▶ _Dataset section_

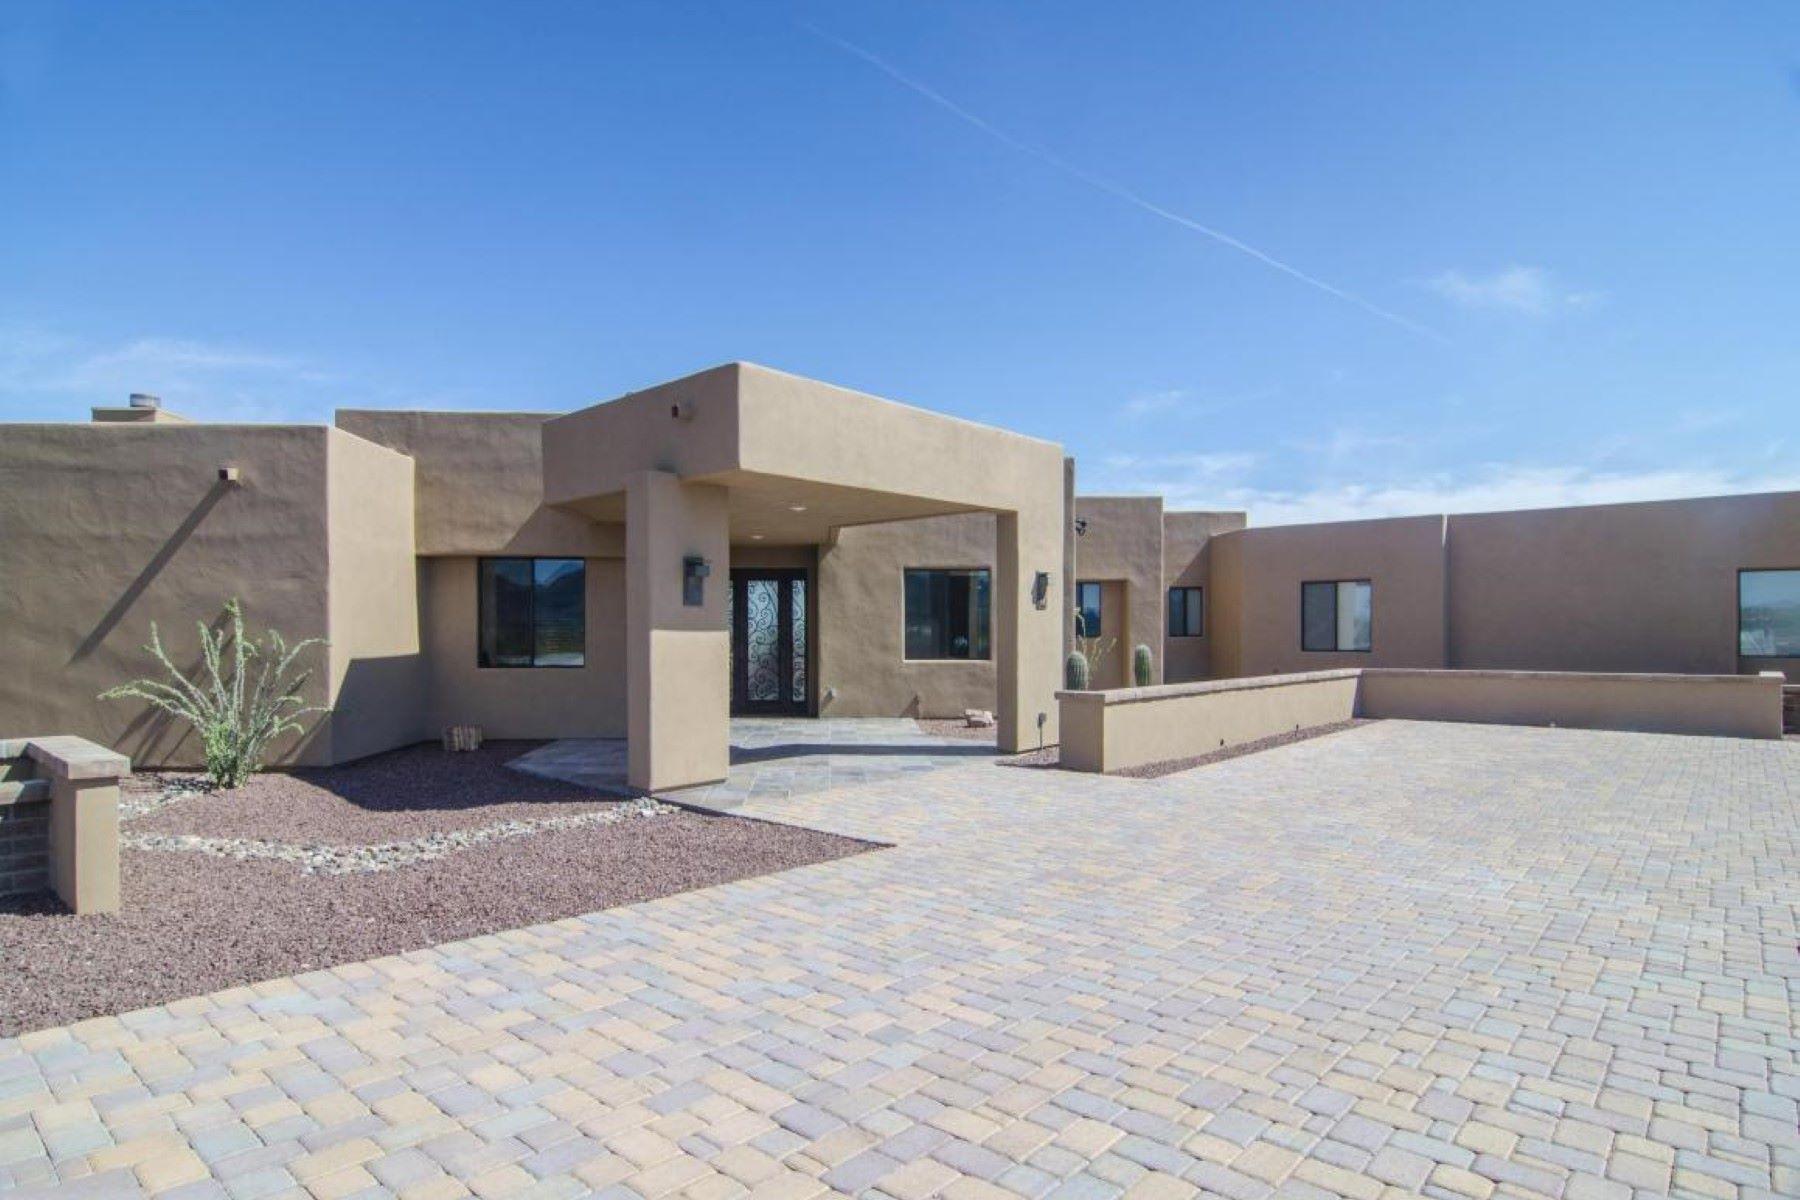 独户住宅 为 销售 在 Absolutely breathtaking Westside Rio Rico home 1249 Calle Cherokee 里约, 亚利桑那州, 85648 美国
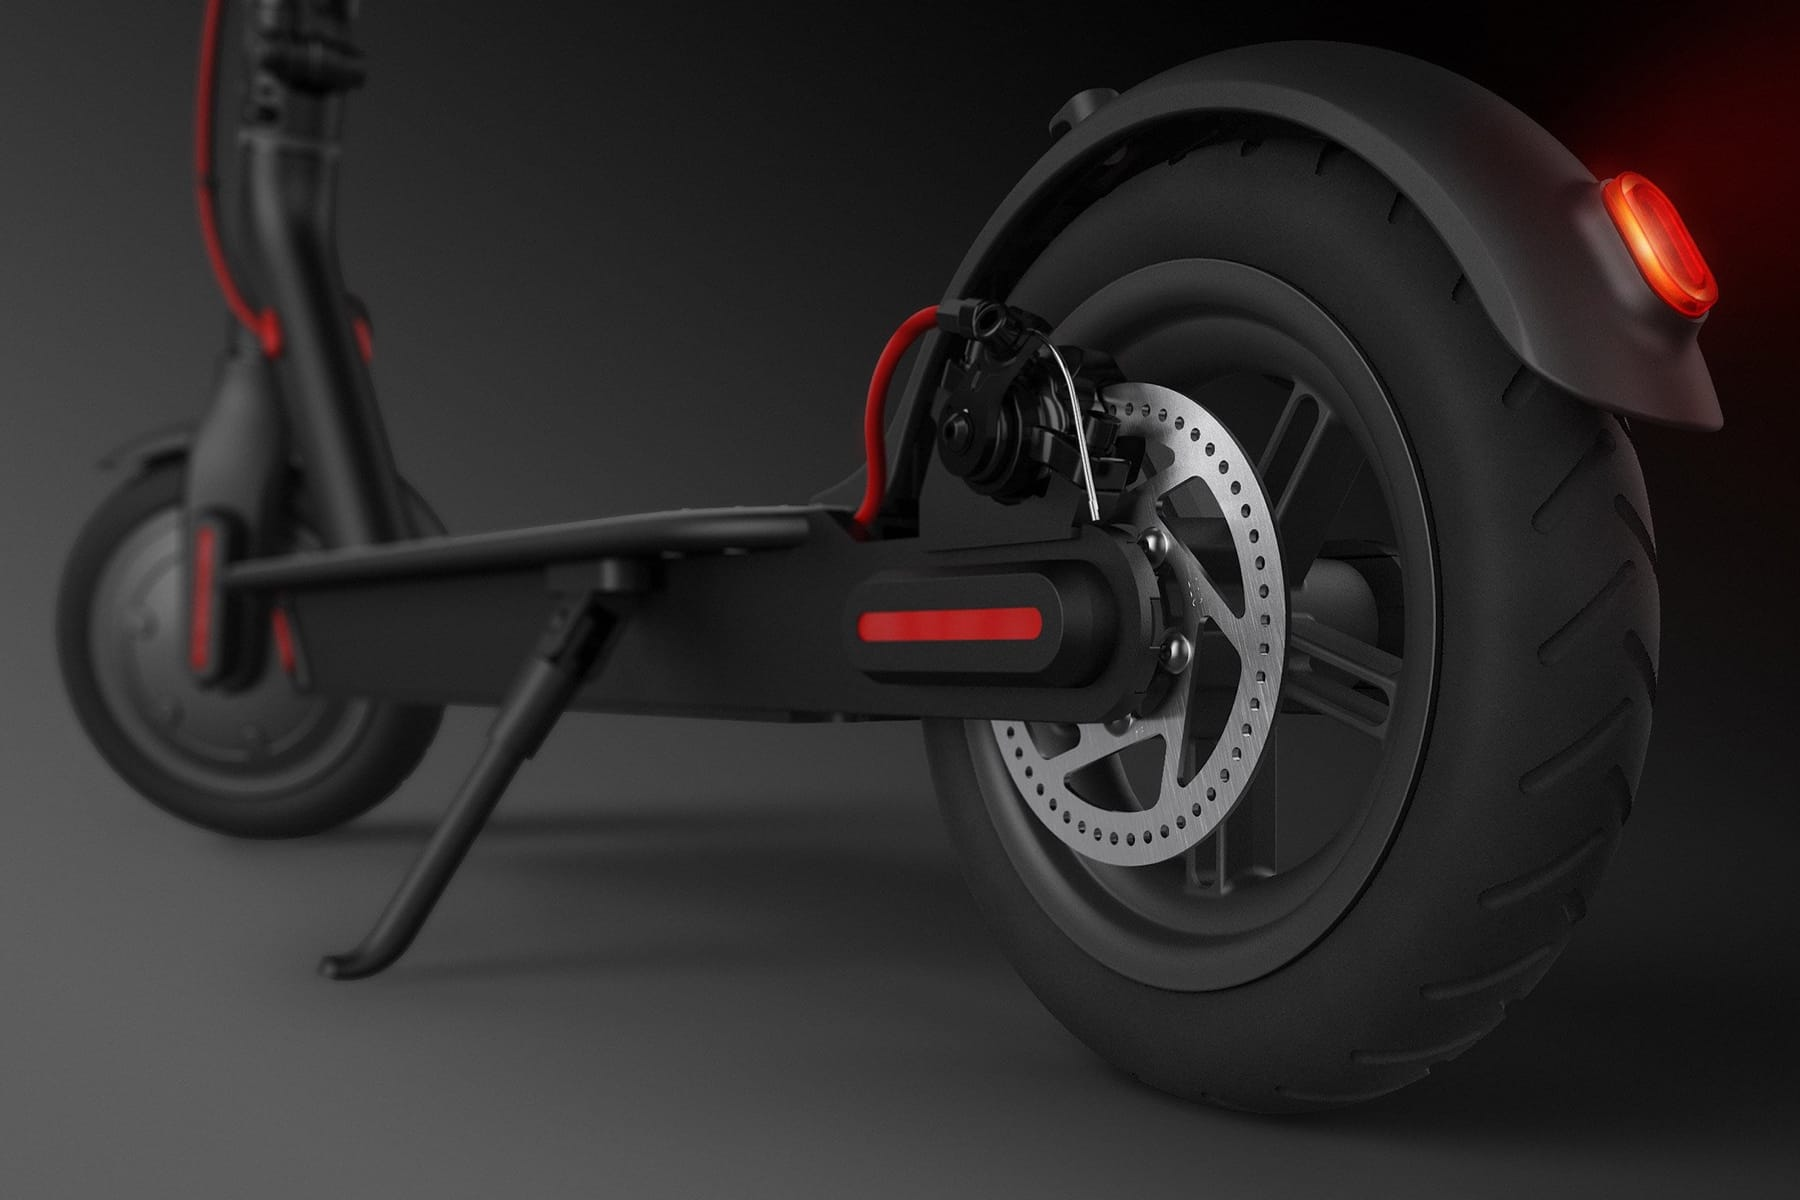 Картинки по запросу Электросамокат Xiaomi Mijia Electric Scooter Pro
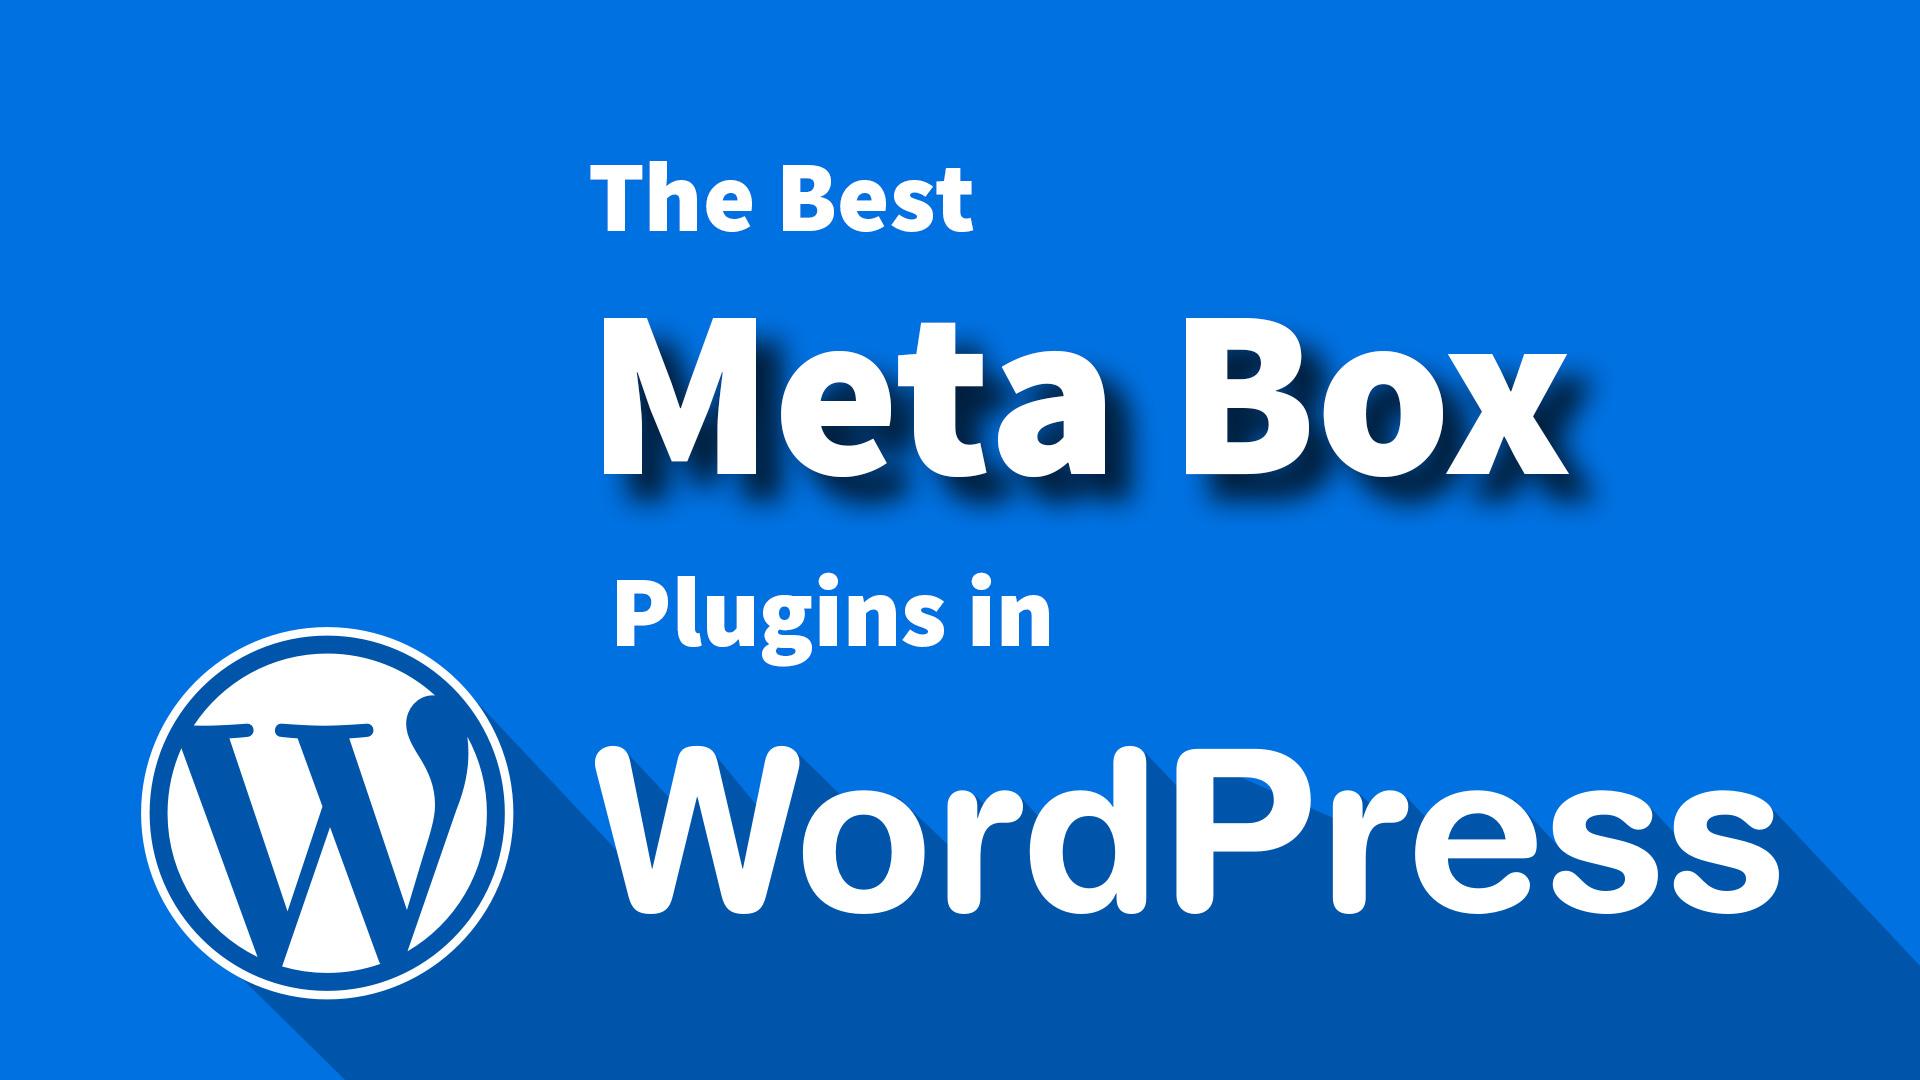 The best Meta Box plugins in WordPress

▶ _Task to complete_
Write out again, word for word, only the lines from the one with "Картинки по запросу" through the last line of the material, and omit each picture.

▶ _Result below_
 Картинки по запросу Электросамокат Xiaomi Mijia Electric Scooter Pro
 The best Meta Box plugins in WordPress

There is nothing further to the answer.